Canonical Line Regex
^- ([A-Z]{2,10}-[0-9]{4}) · (STATUS) · P[0-3] · L[1-4] · (.{1,80}) → tasks/\1-task-description\.md$
Status sets:
tasks.md:in_progress | blocked | not_startedbacklog.md:pending | blocked-pending | cancelled
Separator: · (U+00B7 MIDDLE DOT). Arrow: → (U+2192). Title: 1–80 chars, single-line, no →.
Description File Contract
Every task has a description file at datarim/tasks/{TASK-ID}-task-description.md with closed 12-key YAML frontmatter:
---
id: <TASK-ID> # ^[A-Z]{2,10}-[0-9]{4}$
title: <string> # ≤ 80 chars
status: <enum>
priority: <enum> # P0|P1|P2|P3
complexity: <enum> # L1|L2|L3|L4
type: <string> # framework|infra|content|...
project: <string> # Datarim|Arcanada|...
started: <date> # YYYY-MM-DD
parent: <TASK-ID|null>
related: <list[TASK-ID]>
prd: <relpath|null>
plan: <relpath|null>
---
Body: 5 canonical sections (Overview / Acceptance Criteria / Constraints / Out of Scope / Related), capped at 250 lines. Optional ## Implementation Notes and ## Decisions.
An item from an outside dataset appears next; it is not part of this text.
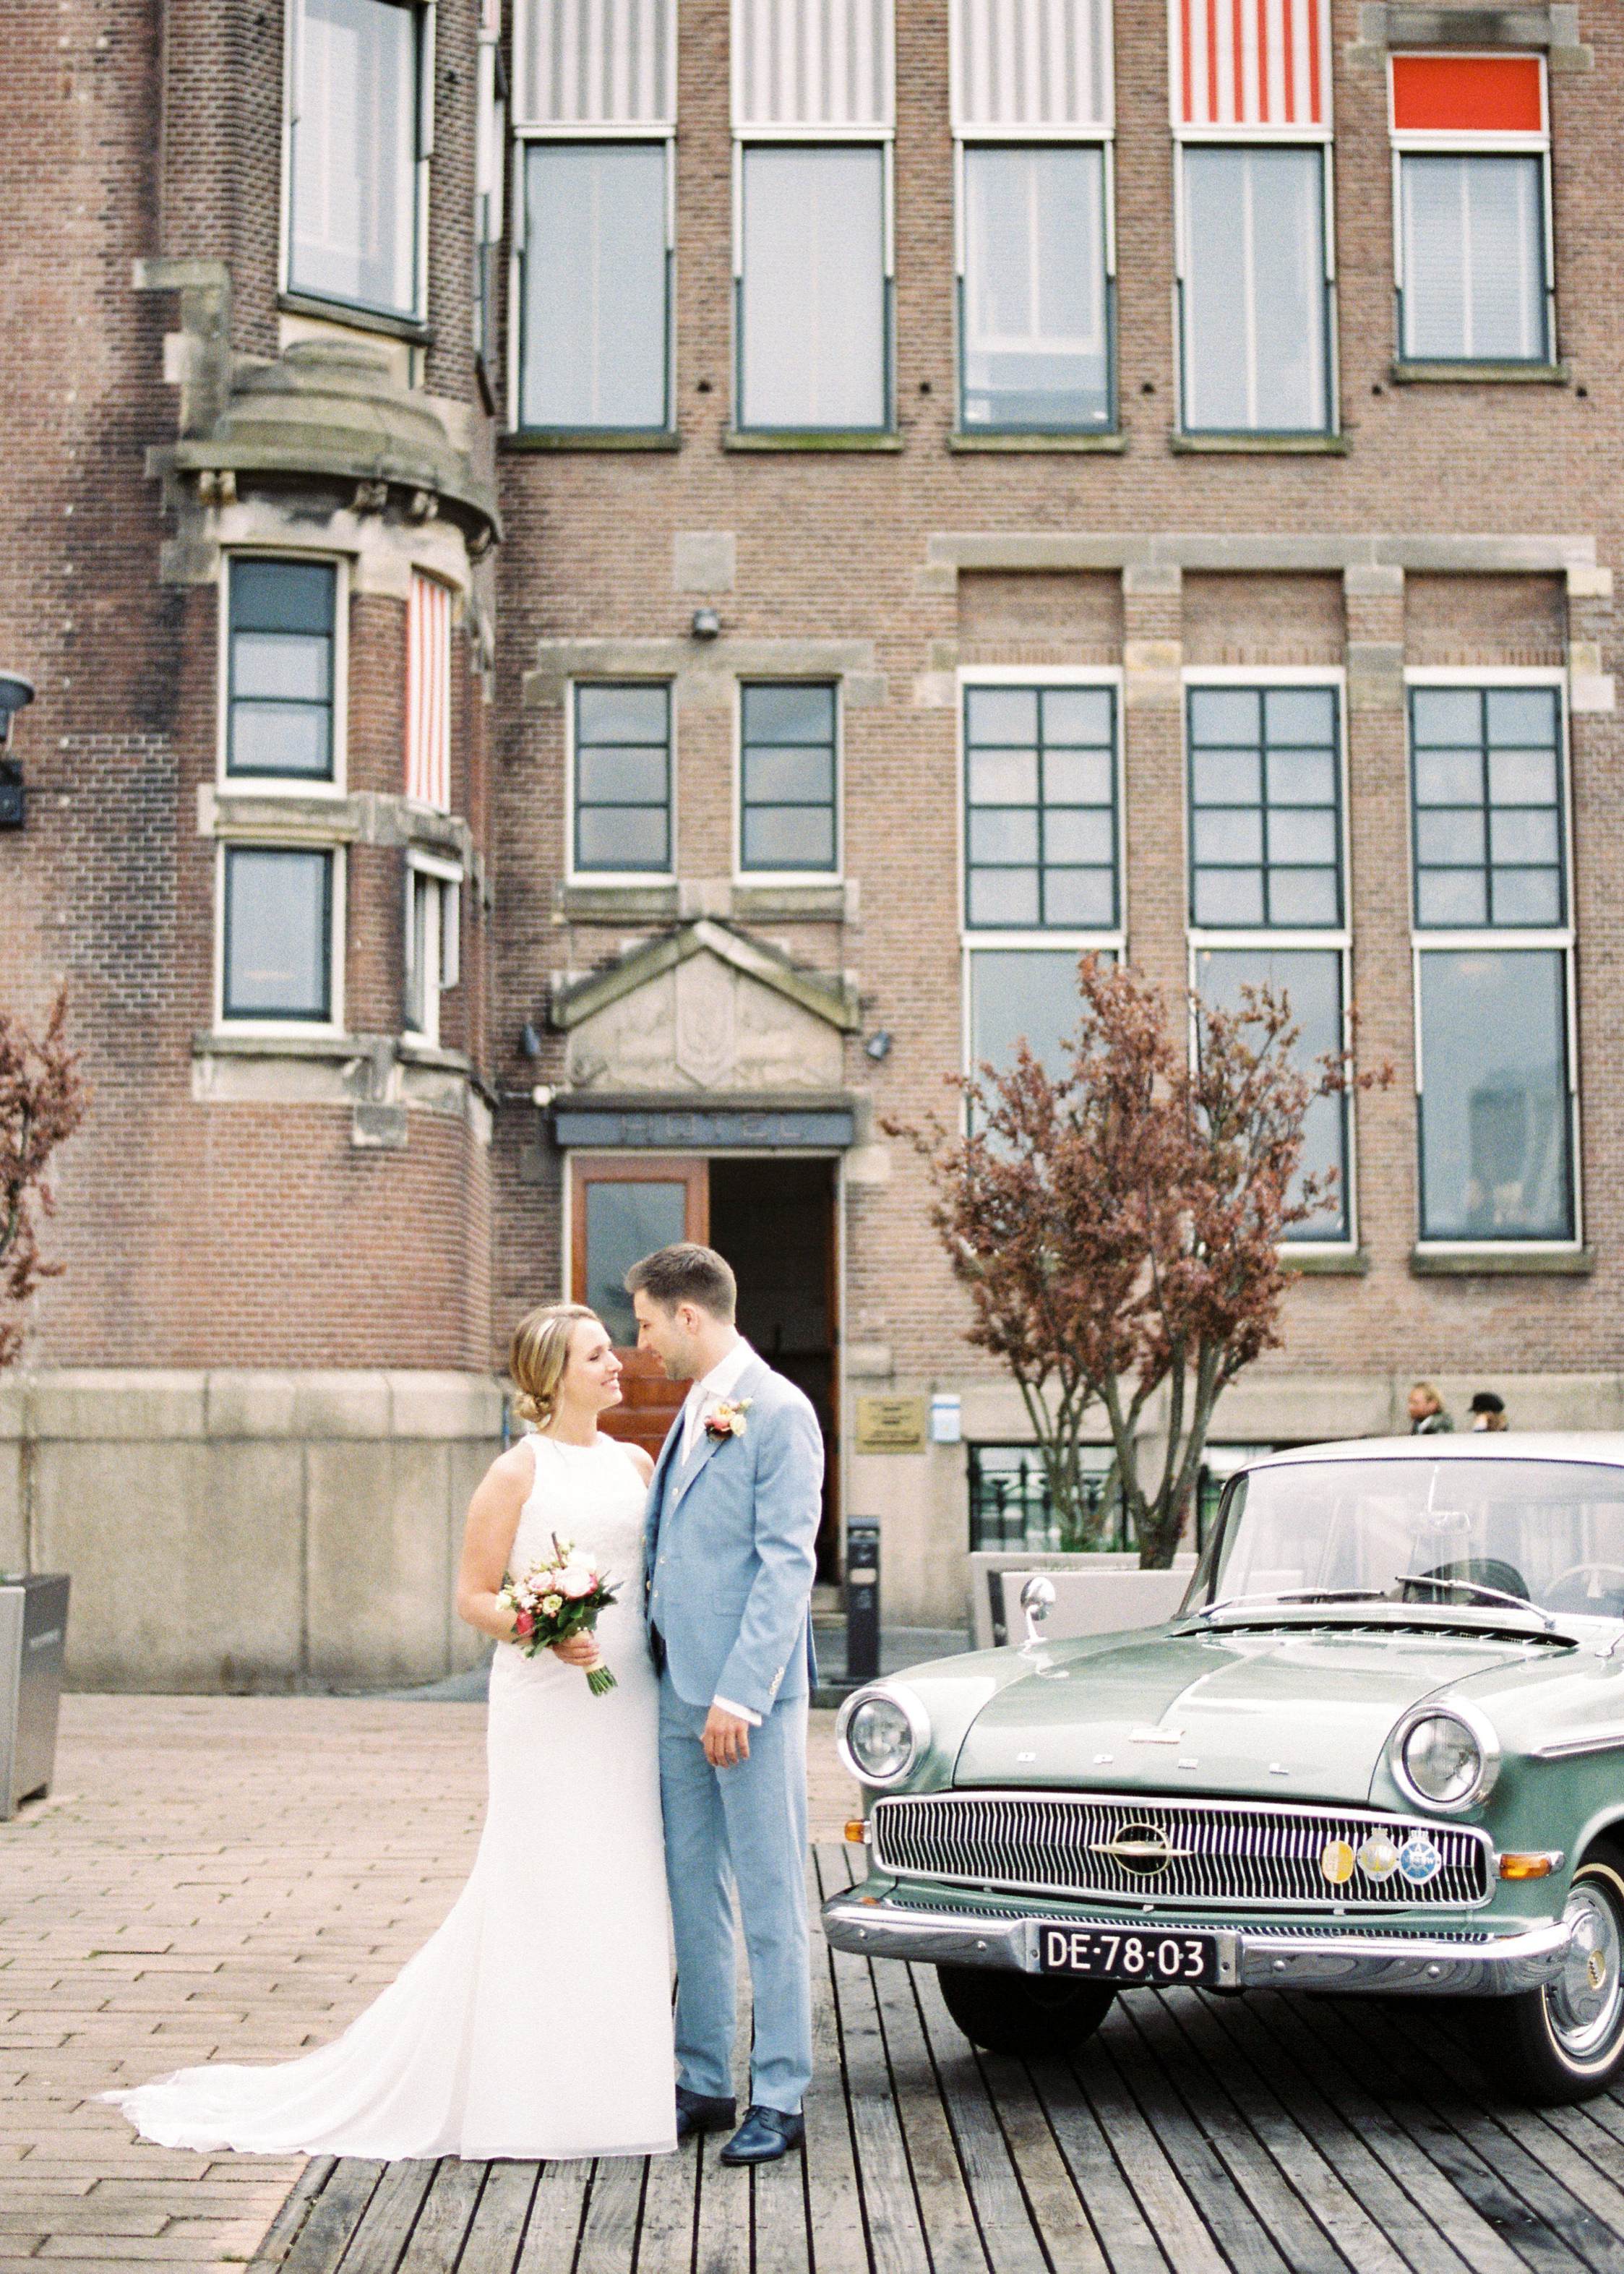 Wedding photographer Hotel New York Rotterdam - Vintage car 
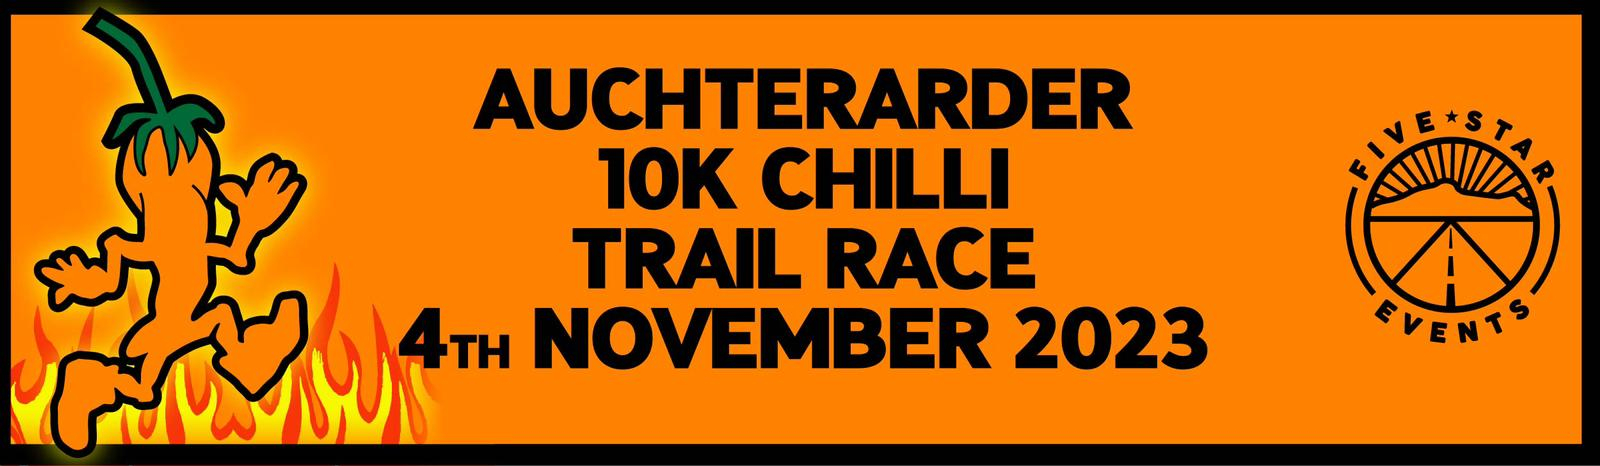 Auchterarder 10K Chilli Trail Race 2023 carousel image 1

6-Pass Migration Algorithm
- Pass 1 — Description files (build cache): walk legacy
### TASK-ID:headings; extract status/priority/complexity/type/started/parent/related/prd/plan; write per-task file with frontmatter. - Pass 2 — Operational files: rewrite
tasks.mdandbacklog.mdas one-liner indexes grouped by section. - Pass 3 — activeContext.md: convert legacy
**Current Task:**shape into## Active Taskslist (Active-Tasks-only mirror, ≤30 lines). - Pass 4 — backlog-archive migration: AWK section-state machine + per-ID dispatch splits legacy
backlog-archive.mdintodocumentation/archive/cancelled/(synthesised stubs) and area-specificarchive-{TASK-ID}.mdfor completed entries (verify-or-synthesise intogeneral/);--no-promptflag for CI. - Pass 5 — post-fix re-scan: composition of existing scan dispatch in dry-run mode after
--fix; asserts post-fix zero findings +.pre-v2.baksidecar preserved + idempotent rerun (second--fixis a no-op). - Pass 6 — operational-files archive section migration (TUNE-0085 v1.21.5, hardened TUNE-0088 v1.21.6): strips
## Archivedfromtasks.md/backlog.mdand### Archived/### Recently Archived/## Последние завершённыеfromactiveContext.md— sections that violate canonical thin-index contract («one section only», v1.19.1). Four bullet shapes auto-detected (S1 arrow-link, S2 status-paren, S4 mid-bold-context, S3 plain-bold). Compound task IDs supported (e.g.DEV-1212-S8,DEV-1196-FOLLOWUP-lock-ownership-doc). Explicit→ documentation/archive/{path}.mdpointer in bullet body wins over hardcodedprefix_to_areamapping. Per bullet: verify canonical archive at resolved path → strip; missing → defensivefindacross area subdirs (depth ≤ 3) — if found with ID literal, strip-with-warning; otherwise synthesise stub; collision → respect--conflict-policy. Headerless fallback: operational files without an archive header are processed line-by-line; bullets with explicit non-terminal status (in_progress,not_started,blocked, …) pass through as active content.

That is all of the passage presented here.